Showing posts with label Global Debt. Show all posts
Showing posts with label Global Debt. Show all posts

Tuesday, July 28, 2020

Consequences of runaway debt accumulation



Continuing from Friday (see Slipping back into deep abyss)
Two of the key questions that are begging answer from the central bankers infusing trillions of dollars in fresh liquidity in the global financial system and the governments borrowing incessantly to further their populist agenda, is what will be the impact of this debt burden on the potential economic growth? and How the perpetually slow growth will impact the demography, i.e., whether the world will follow the demographic trends of Japan and grow old? (see How will this tiger ride end?)

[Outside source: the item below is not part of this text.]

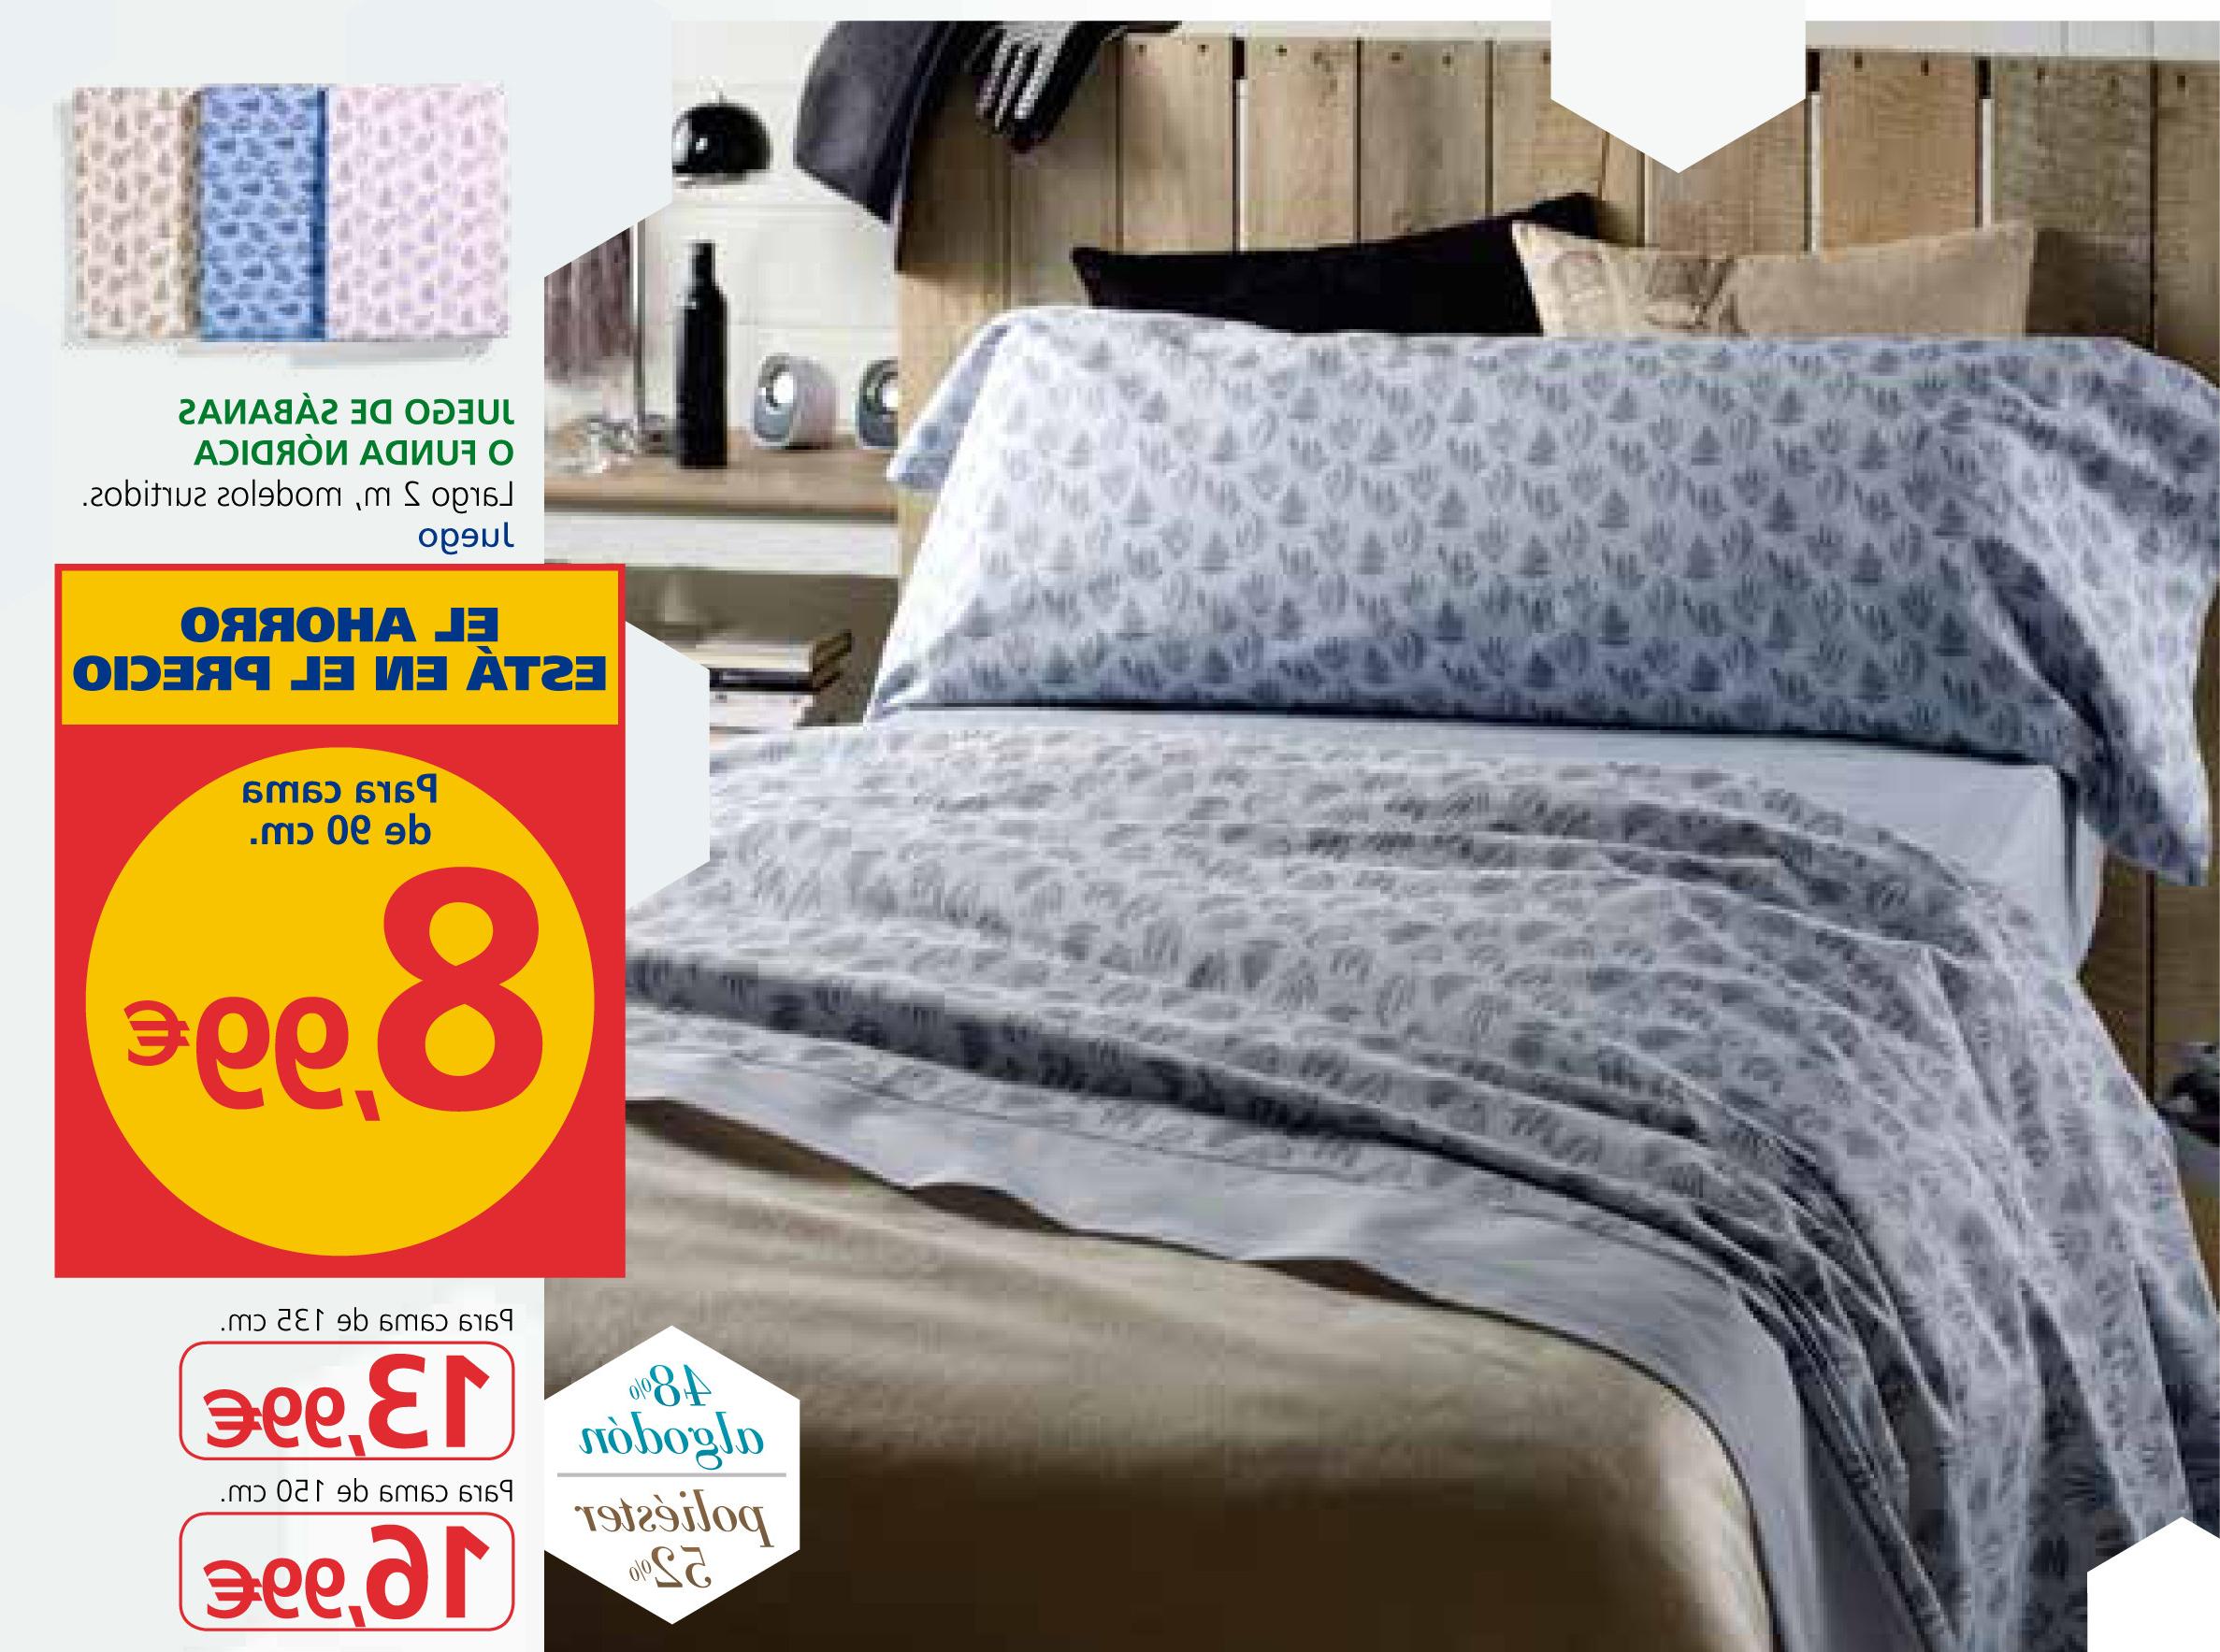 Fundas sofa Ajustables Carrefour 9fdy Oferta Cama Elastica Carrefour A Fundas sofa Ajustables Carrefour

As per the World Bank report titled Global Waves of Debt - Causes and Consequences, "Amid record high global debt, low interest rates and subpar growth have led to an intense debate on whether the recent rapid increase in debt is reason for concern. Some argue that countries, especially those that issue reserve currencies, should take advantage of low interest rates to borrow more to finance priority expenditures. Others caution that high debt weighs on long-term growth, by increasing the risk of crises, limiting the scope for countercyclical fiscal stimulus, and dampening private investment."
The report further highlights that, "Although the focus of this debate has been mainly on advanced economies, similar issues are also faced by EMDEs. Many of these economies have also borrowed heavily and, in many cases, hard-won reductions in public debt ratios prior to the global financial crisis have largely been reversed over the past decade. The tradeoffs EMDEs face are actually even starker, in light of their histories of severe debt crises even at lower levels of debt than in advanced economies and their more pressing spending needs to achieve development goals and improve living standards."

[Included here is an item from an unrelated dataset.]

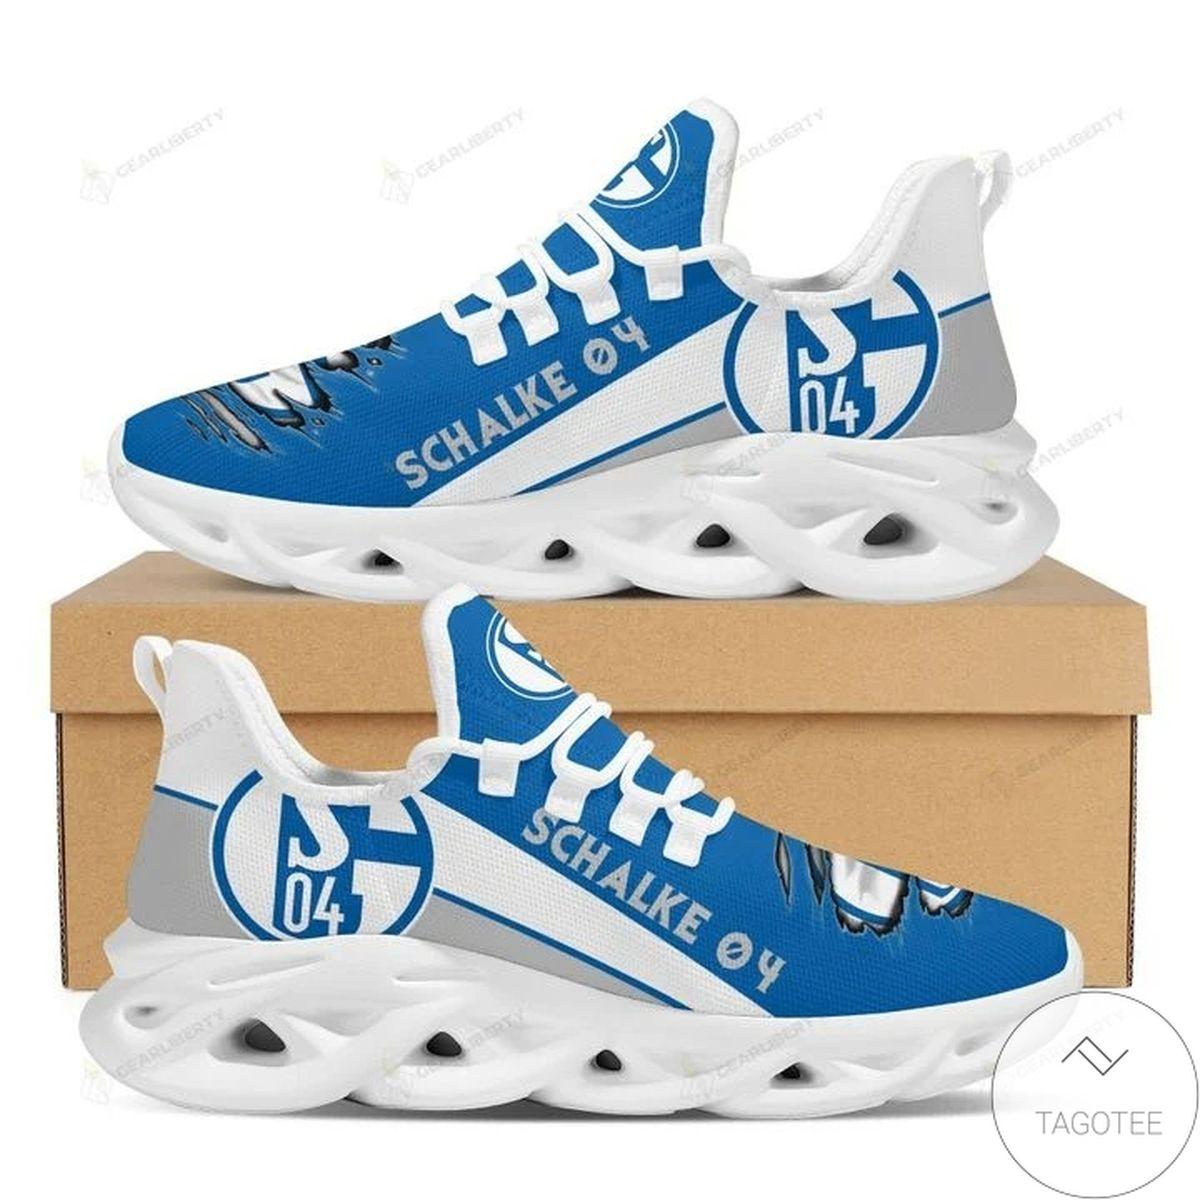 Bundesliga Schalke 04 Max Soul Shoes

The importance of public debt in growth economics can hardly be overemphasized. Government investment in physical and human capital provides an important foundation for stronger economic growth over the long term. It helps in attaining the ideal goal of full employment and optimum capacity utilization on sustainable terms.
It is important to note that despite substantial progress over the past two decades in many areas, several Sustainable Development Goals (SDGs) remain well out of reach. As per the World Bank estimates, to meet the SDGs, EMDEs have large investment needs: low- and middle-income countries face aggregate investment needs of $1.5–$2.7 trillion per year—equivalent to 4.5–8.2 percent of annual GDP— between 2015 and 2030 to meet infrastructure-related SDGs, depending on the effectiveness of this investment, accompanying policy reforms, and the degree of ambition in meeting the SDGs. Higher debt level for emerging and underdeveloped economies is necessary in most cases.

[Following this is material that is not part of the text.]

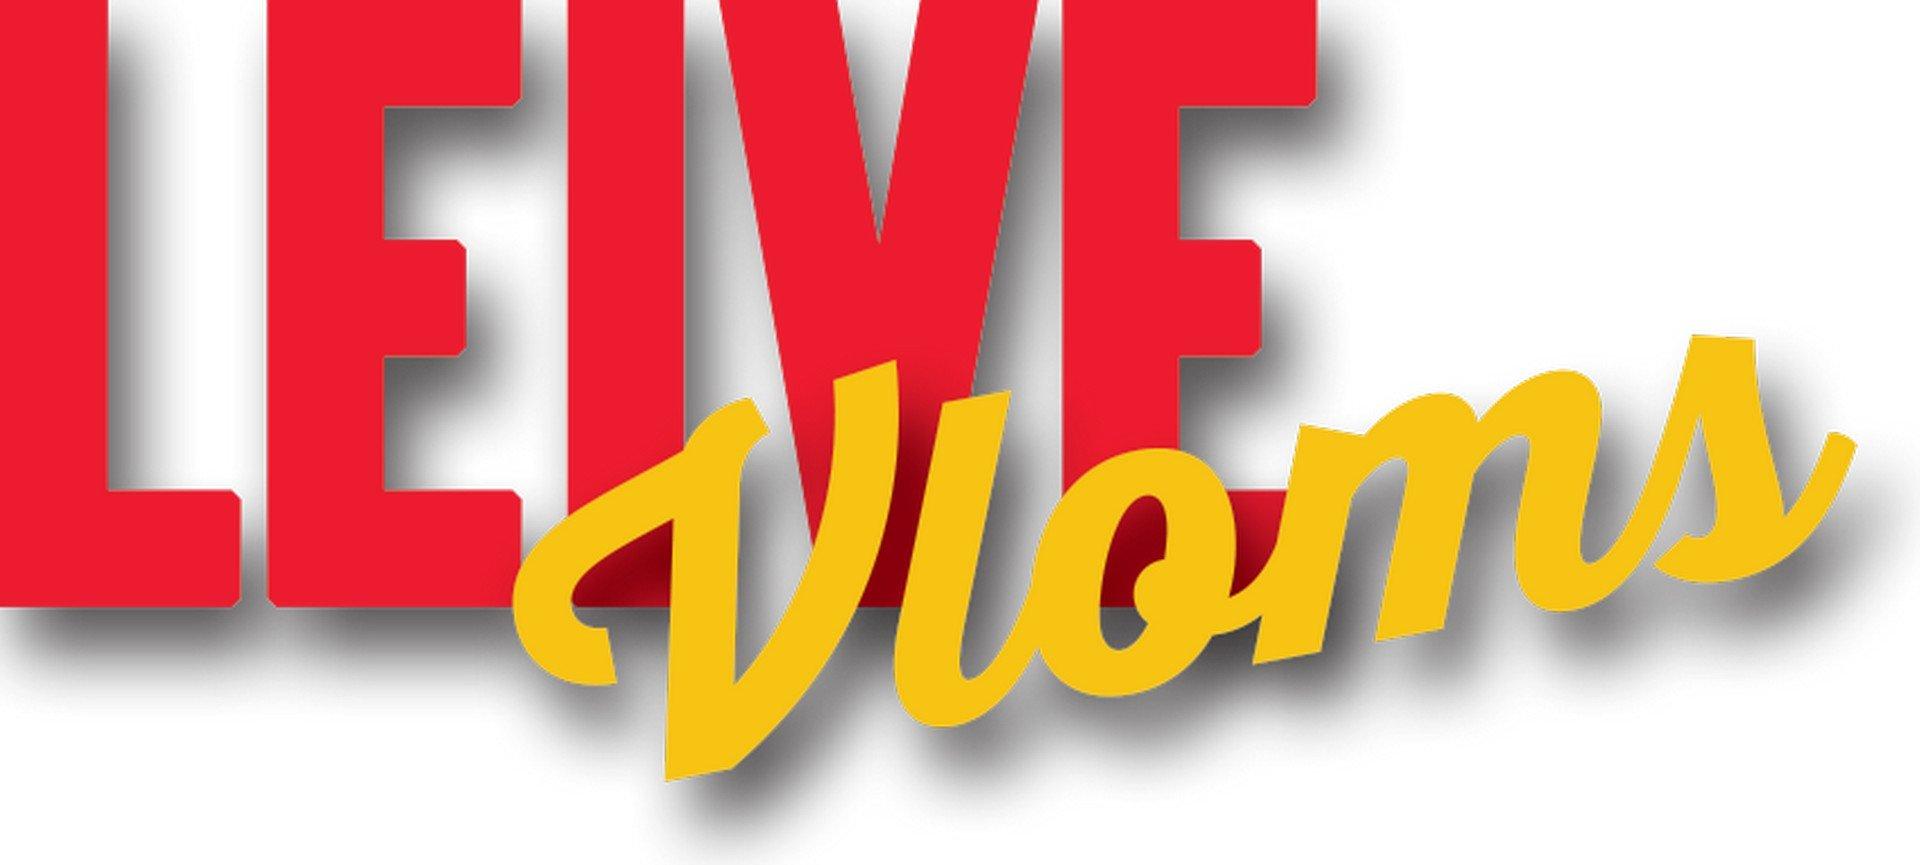 'Leive Vloms' brengt op 2 augustus een eerbetoon aan Paul Severs. - Leive Vloms 1

Besides, temporary debt accumulation can also play an important role in helping to minimize and reverse short-term economic downturns. During recessions, borrowing financed government spending or tax cuts can provide stimulus to support demand and activity.
However, it is important to do an intensive cost benefit analysis of every dollar in new debt. The cost of debt is not only the interest payable on such debt; but also the impact of the debt on the future growth potential and changes in socio-economic structures.
During the post-crisis period, the cost of government borrowing in terms of rate of interest has been historically low, for both advanced economies and EMDEs. Further, demographic shifts and slowing productivity growth are expected to contribute to a further secular decline in real interest rates in advanced economies, continuing a multi-year trend. However, if a sudden increase in global borrowing costs occurs; the sustainability of high debt in some countries will be tested. A failure in this test could bring disastrous consequences.
As per the World Bank, "Debt sustainability has deteriorated since the global financial crisis both in advanced economies and in EMDEs. In advanced economies, debt-reducing fiscal positions (i.e., positive sustainability gaps) in 2007 turned into debt-increasing fiscal positions (i.e., negative sustainability gaps) from 2008. Subsequently, sustainability gaps narrowed and, in 2017, returned to debt-reducing positions. In EMDEs, debt-reducing positions in 2007 turned into debt-increasing positions in 2015.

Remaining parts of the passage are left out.